What is needed |
Taking the material as a whole, state how many of its lines contain "bois". Write the number and nothing more.

Data extract |
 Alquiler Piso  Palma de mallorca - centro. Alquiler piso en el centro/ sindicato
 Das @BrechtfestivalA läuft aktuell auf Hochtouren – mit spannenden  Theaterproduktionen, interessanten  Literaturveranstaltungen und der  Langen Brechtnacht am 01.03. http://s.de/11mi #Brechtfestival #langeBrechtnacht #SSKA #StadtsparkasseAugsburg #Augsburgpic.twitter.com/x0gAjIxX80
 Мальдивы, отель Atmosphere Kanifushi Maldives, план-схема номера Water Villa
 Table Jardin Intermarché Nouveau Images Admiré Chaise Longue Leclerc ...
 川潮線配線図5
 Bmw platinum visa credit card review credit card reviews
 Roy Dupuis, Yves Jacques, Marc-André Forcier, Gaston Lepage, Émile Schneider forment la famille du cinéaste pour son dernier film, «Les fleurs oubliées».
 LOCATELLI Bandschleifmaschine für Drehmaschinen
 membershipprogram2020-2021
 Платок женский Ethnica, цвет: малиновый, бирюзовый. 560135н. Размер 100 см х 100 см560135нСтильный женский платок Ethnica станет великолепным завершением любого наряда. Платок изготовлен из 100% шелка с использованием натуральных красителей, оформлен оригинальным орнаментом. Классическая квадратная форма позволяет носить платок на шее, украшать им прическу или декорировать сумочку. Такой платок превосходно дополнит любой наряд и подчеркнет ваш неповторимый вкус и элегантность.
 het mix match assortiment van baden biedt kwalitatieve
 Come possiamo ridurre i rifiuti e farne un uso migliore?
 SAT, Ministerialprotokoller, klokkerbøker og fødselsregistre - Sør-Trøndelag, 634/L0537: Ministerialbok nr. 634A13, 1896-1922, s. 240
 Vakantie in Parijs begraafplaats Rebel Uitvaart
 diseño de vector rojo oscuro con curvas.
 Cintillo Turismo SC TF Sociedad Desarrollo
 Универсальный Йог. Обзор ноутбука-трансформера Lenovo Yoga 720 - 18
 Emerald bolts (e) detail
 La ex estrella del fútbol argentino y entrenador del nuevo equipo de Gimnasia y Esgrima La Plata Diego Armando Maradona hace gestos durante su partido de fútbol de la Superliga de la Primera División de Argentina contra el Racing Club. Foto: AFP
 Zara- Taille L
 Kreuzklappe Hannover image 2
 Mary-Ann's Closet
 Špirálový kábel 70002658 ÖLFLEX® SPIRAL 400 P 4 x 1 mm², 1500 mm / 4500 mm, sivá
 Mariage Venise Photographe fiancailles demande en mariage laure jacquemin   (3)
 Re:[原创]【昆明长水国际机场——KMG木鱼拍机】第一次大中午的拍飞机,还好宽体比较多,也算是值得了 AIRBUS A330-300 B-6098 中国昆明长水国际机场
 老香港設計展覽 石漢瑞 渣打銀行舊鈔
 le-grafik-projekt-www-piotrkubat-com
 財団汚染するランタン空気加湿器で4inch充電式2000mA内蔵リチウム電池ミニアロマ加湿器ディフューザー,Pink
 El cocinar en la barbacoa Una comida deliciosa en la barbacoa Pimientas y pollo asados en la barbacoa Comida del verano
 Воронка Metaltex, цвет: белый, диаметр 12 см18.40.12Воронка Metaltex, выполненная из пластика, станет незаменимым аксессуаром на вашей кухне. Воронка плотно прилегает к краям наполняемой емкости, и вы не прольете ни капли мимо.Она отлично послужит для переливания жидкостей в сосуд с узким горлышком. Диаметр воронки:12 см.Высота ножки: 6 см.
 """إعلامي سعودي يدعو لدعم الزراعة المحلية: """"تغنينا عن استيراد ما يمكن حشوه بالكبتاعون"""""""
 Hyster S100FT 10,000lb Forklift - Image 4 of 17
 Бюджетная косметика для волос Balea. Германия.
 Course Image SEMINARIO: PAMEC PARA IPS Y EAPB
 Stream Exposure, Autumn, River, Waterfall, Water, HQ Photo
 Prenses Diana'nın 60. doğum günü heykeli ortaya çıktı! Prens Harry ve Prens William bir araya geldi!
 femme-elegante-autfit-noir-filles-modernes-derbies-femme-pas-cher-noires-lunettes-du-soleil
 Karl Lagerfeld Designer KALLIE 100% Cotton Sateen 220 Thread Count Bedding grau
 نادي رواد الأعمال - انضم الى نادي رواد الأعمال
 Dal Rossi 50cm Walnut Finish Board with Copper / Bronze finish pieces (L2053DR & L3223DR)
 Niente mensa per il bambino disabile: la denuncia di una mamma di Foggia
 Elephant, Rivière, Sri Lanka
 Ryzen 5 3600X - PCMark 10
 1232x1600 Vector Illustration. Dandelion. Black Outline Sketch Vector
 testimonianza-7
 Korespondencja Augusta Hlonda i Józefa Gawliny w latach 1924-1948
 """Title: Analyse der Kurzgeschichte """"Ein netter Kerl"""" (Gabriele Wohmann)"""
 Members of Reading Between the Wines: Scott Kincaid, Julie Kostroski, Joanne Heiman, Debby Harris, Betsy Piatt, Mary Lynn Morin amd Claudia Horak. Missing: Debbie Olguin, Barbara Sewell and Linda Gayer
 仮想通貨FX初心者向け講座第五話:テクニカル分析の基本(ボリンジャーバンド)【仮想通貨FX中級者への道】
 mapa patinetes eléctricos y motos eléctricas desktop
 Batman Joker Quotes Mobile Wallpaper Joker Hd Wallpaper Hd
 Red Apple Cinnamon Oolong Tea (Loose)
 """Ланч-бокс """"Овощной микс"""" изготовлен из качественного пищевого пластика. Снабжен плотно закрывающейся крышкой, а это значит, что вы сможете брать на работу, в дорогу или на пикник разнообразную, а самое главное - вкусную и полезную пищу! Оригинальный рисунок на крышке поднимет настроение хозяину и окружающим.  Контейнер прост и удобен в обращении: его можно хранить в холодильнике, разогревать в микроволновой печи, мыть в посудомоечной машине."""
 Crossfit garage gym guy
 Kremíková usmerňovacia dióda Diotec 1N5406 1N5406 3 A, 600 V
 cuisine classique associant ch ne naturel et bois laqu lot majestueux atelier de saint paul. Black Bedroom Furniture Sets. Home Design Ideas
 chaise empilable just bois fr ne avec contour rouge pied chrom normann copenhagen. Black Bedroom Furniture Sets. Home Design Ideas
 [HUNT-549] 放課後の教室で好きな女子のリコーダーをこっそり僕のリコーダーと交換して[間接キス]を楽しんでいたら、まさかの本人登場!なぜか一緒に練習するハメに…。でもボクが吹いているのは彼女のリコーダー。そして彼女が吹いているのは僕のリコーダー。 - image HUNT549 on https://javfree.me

Response to the exercise |
2